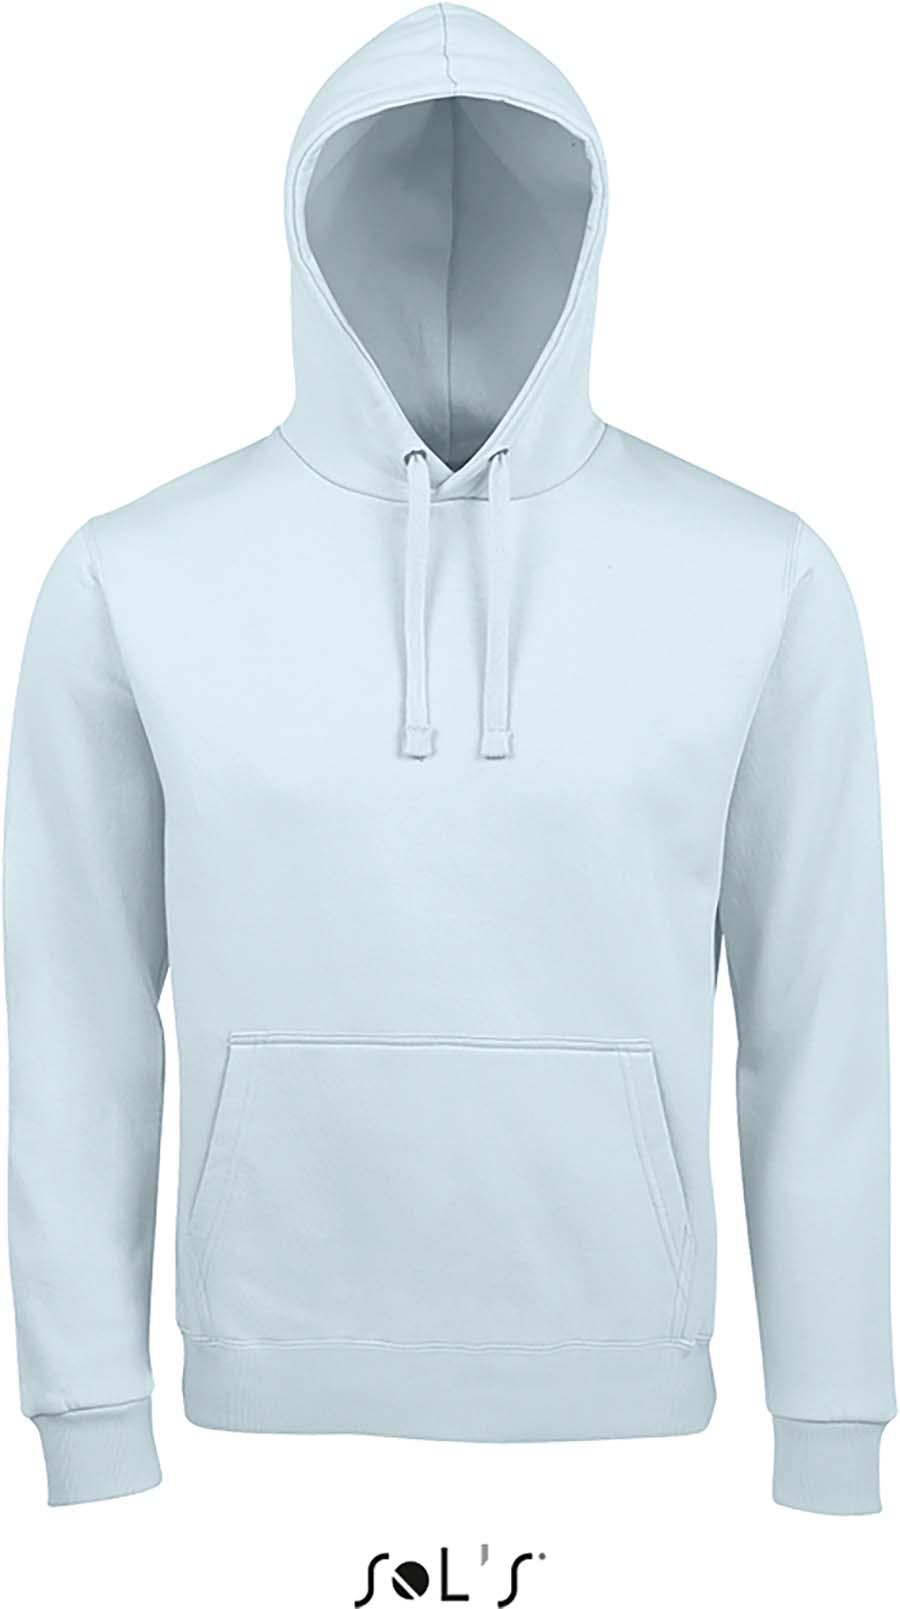 Sweat-shirt unisexe à capuche - 1-1403-10
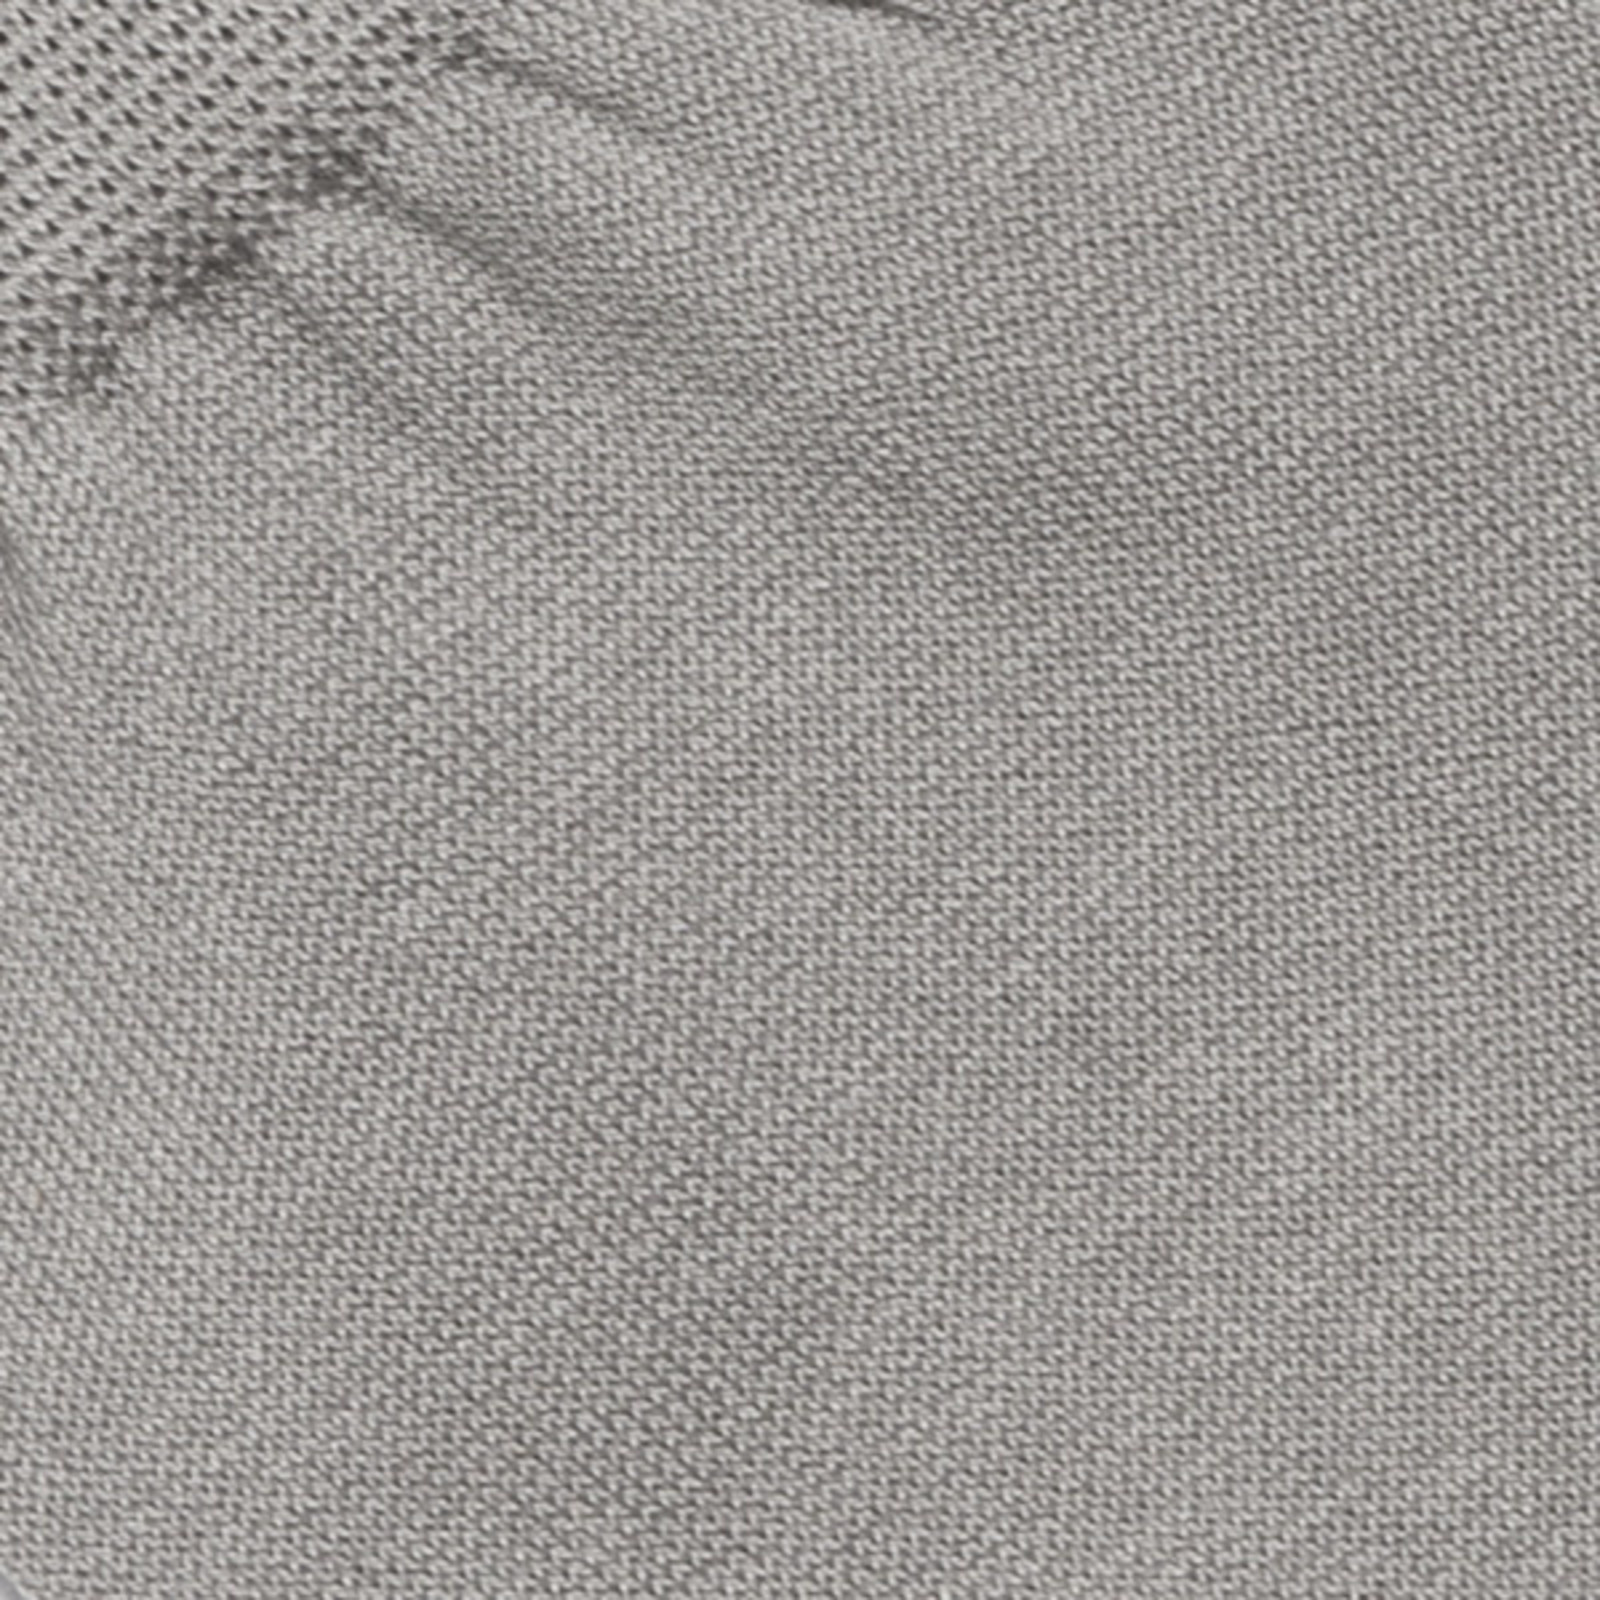 Carlo Lanza Hellgraue Socken Baumwolle
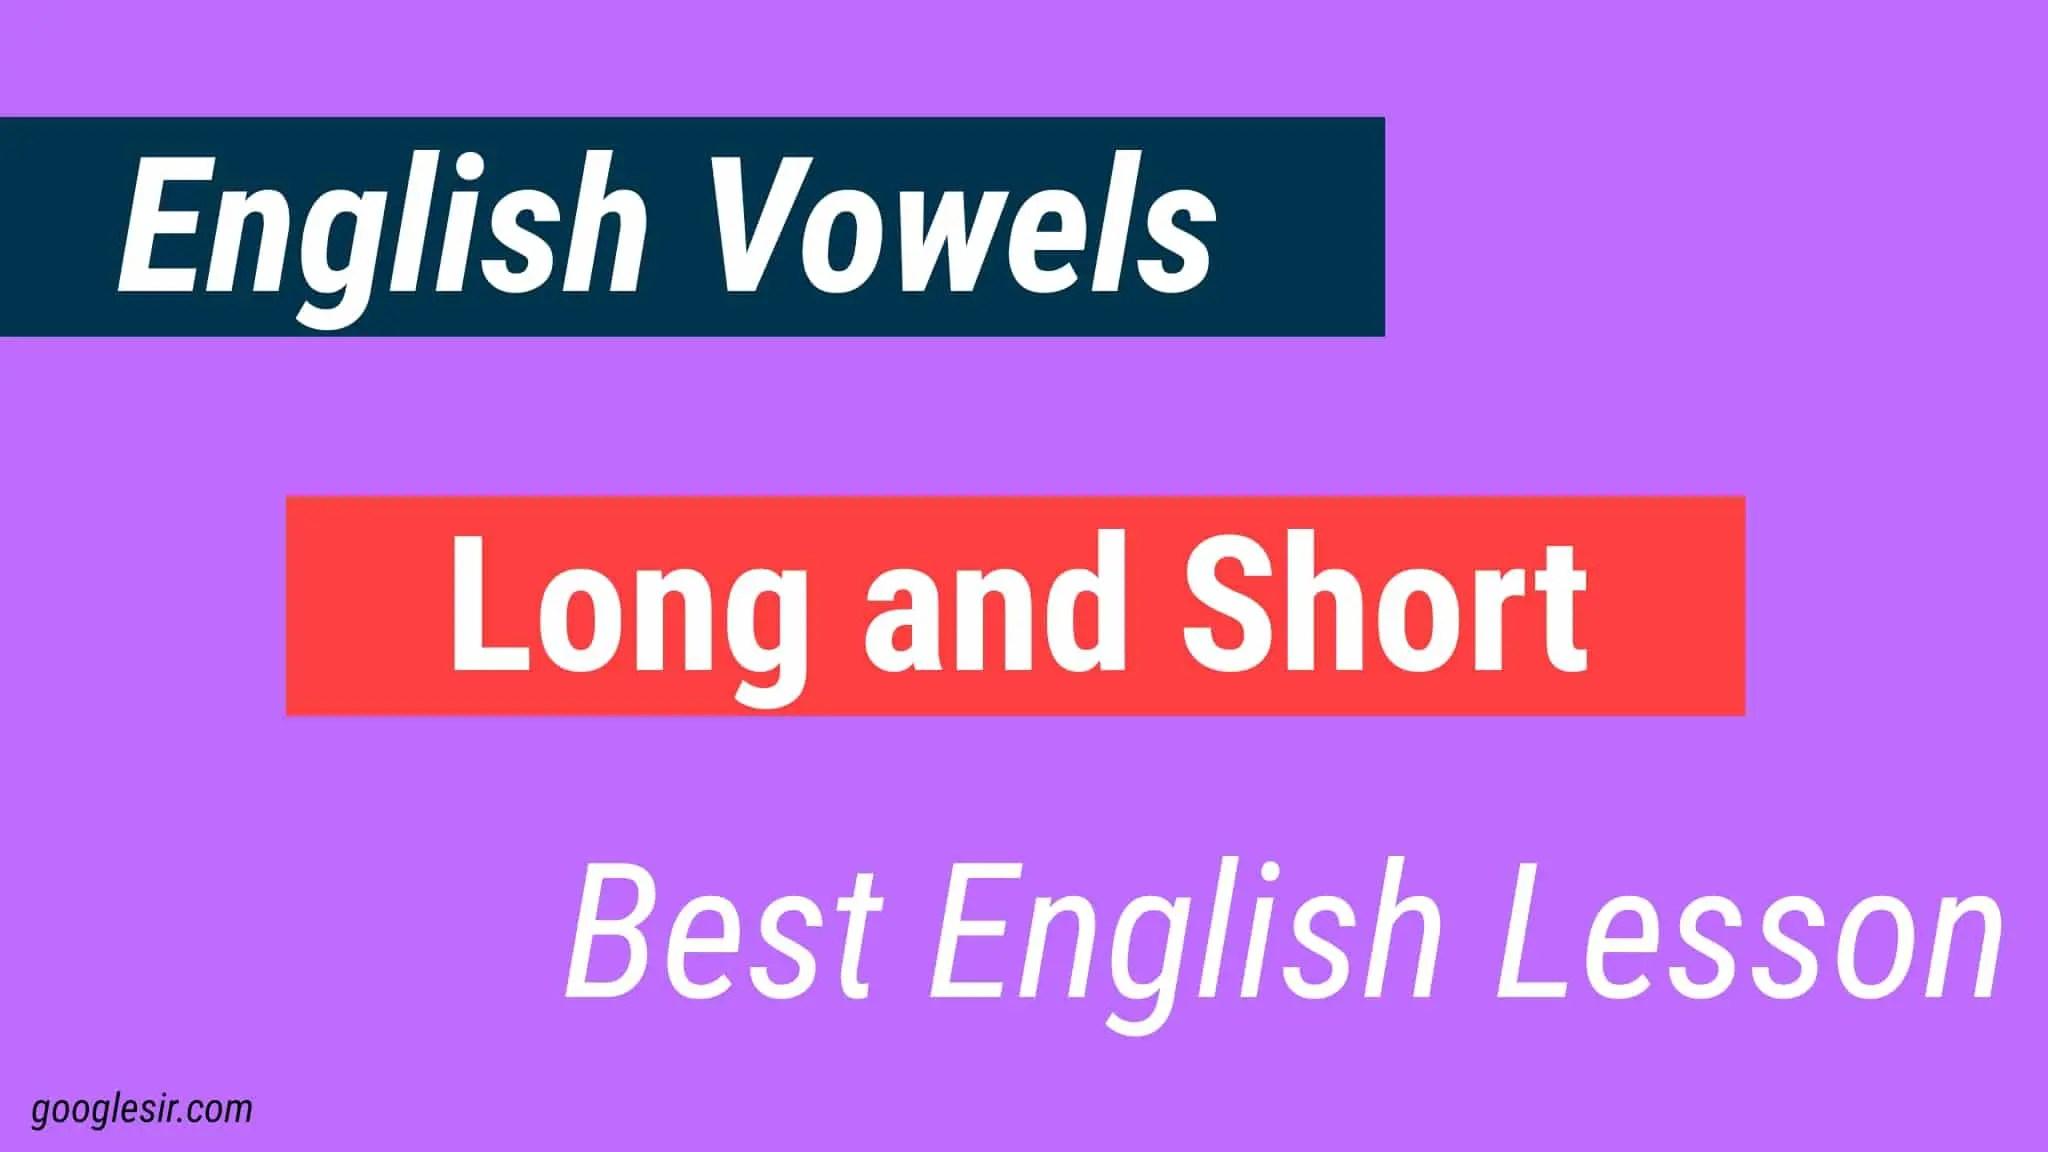 English Vowels
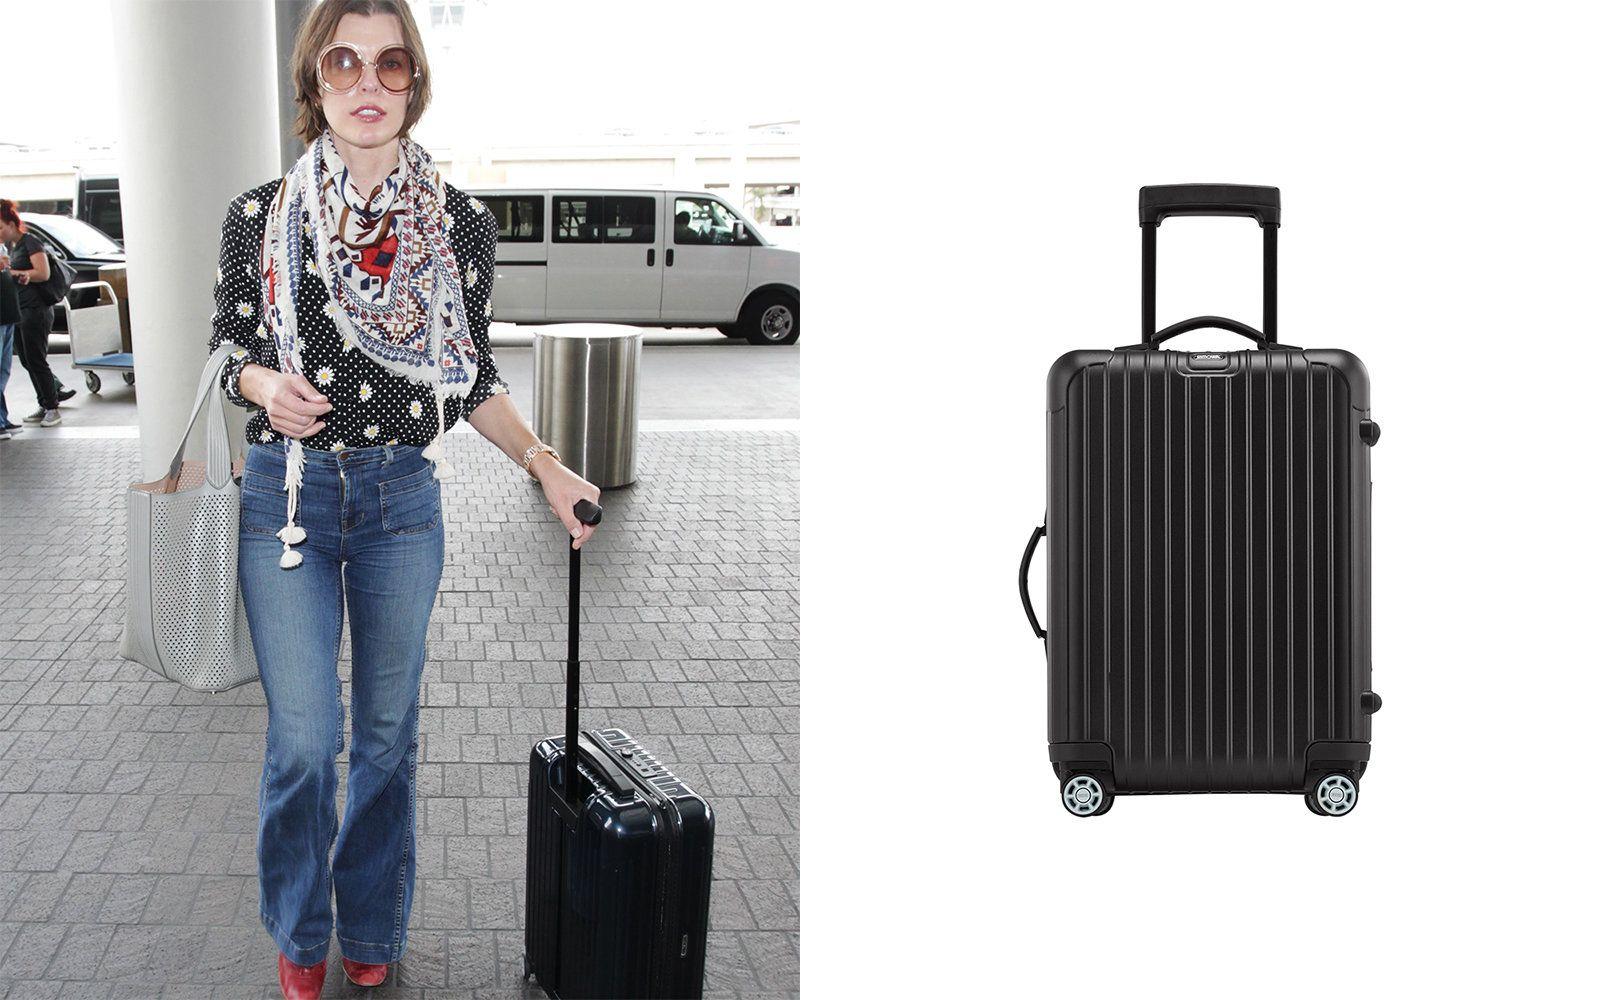 db26d583b19 9 Luggage Brands Celebrities Swear By   Let's Get Away!   Celebrity ...

- **TASK REQUIREMENTS**
Print every line above once more, exactly. Omit the pictures.

- **REPLY TO THE TASK**
 Sweat-shirt unisexe à capuche - 1-1403-10
 Carlo Lanza Hellgraue Socken Baumwolle
 English Vowels
 db26d583b19 9 Luggage Brands Celebrities Swear By   Let's Get Away!   Celebrity ...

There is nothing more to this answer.